O apelo e a remessa necessária comportam parcial acolhimento.

Segundo o apurado, a autora ajuizou ação de obrigação de fazer objetivando a condenação da ré a lhe disponibilizar professor auxiliar exclusivo para todo o tempo em que estiver na escola, tendo seu pedido totalmente acolhido pela r. sentença hostilizada.

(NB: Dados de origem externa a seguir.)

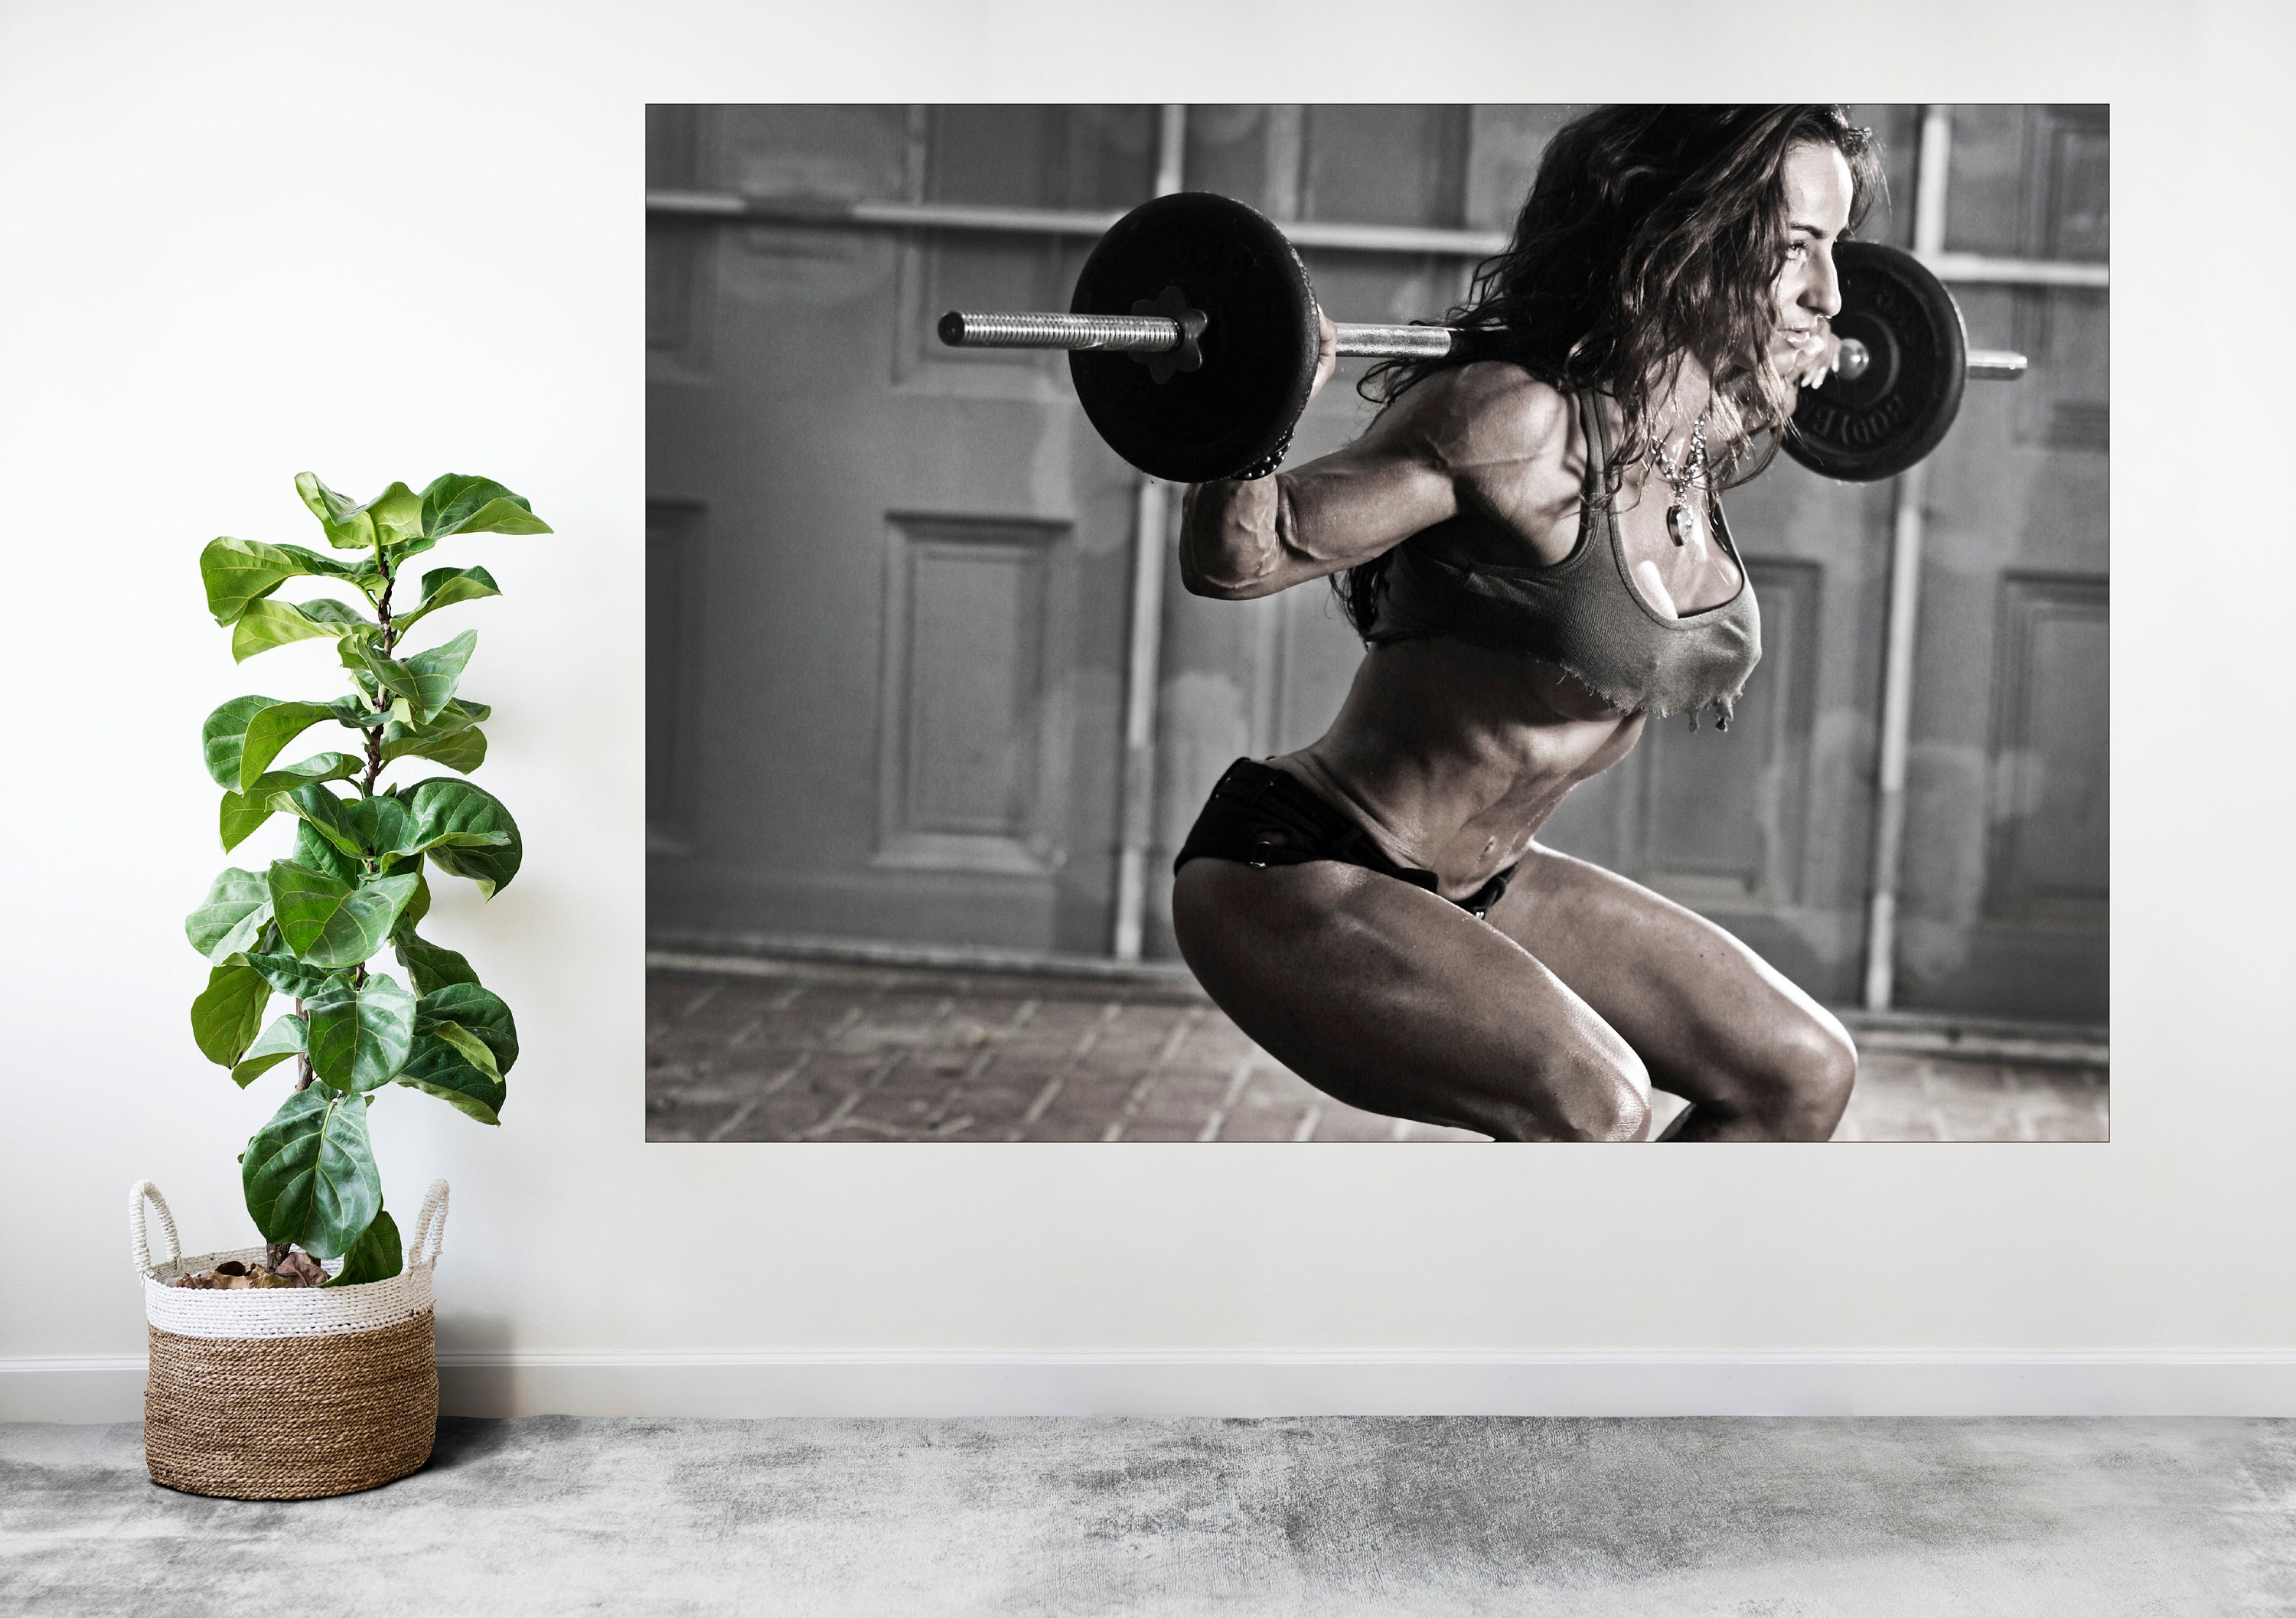  Sexy Bodybuilding Girl Posters Gym Wall Art Gift Sexy Woman  Fitness Sports Gym Fitness Lovers Pictures Decor Canvas Painting Posters  And Prints Wall Art Pictures for Living Room Bedroom Decor 24x36in

Não remanescem dúvidas a respeito da necessidade da jovem “M.E.”, portadora de “Síndrome de Willians” (CID Q99.8) de se ser acompanhada por auxiliar na sala de aula, porém, a despeito do laudo acostado aos autos (fls. 224/231), tem esta C. Câmara entendido que não deve haver disponibilização de modo exclusivo, haja vista os seguintes julgados:

“APELAÇÃO. AÇÃO CIVIL PÚBLICA. OBRIGAÇÃO DE FAZER. MENOR PORTADOR DE TRANSTORNO DO ESPECTRO AUTISTA. EDUCAÇÃO INCLUSIVA. ATENDIMENTO EDUCACIONAL ESPECIALIZADO. POSSIBILIDADE DO PROFESSOR AUXILIAR PRESTAR ASSISTÊNCIA A OUTROS ALUNOS COM NECESSIDADES ESPECIAIS.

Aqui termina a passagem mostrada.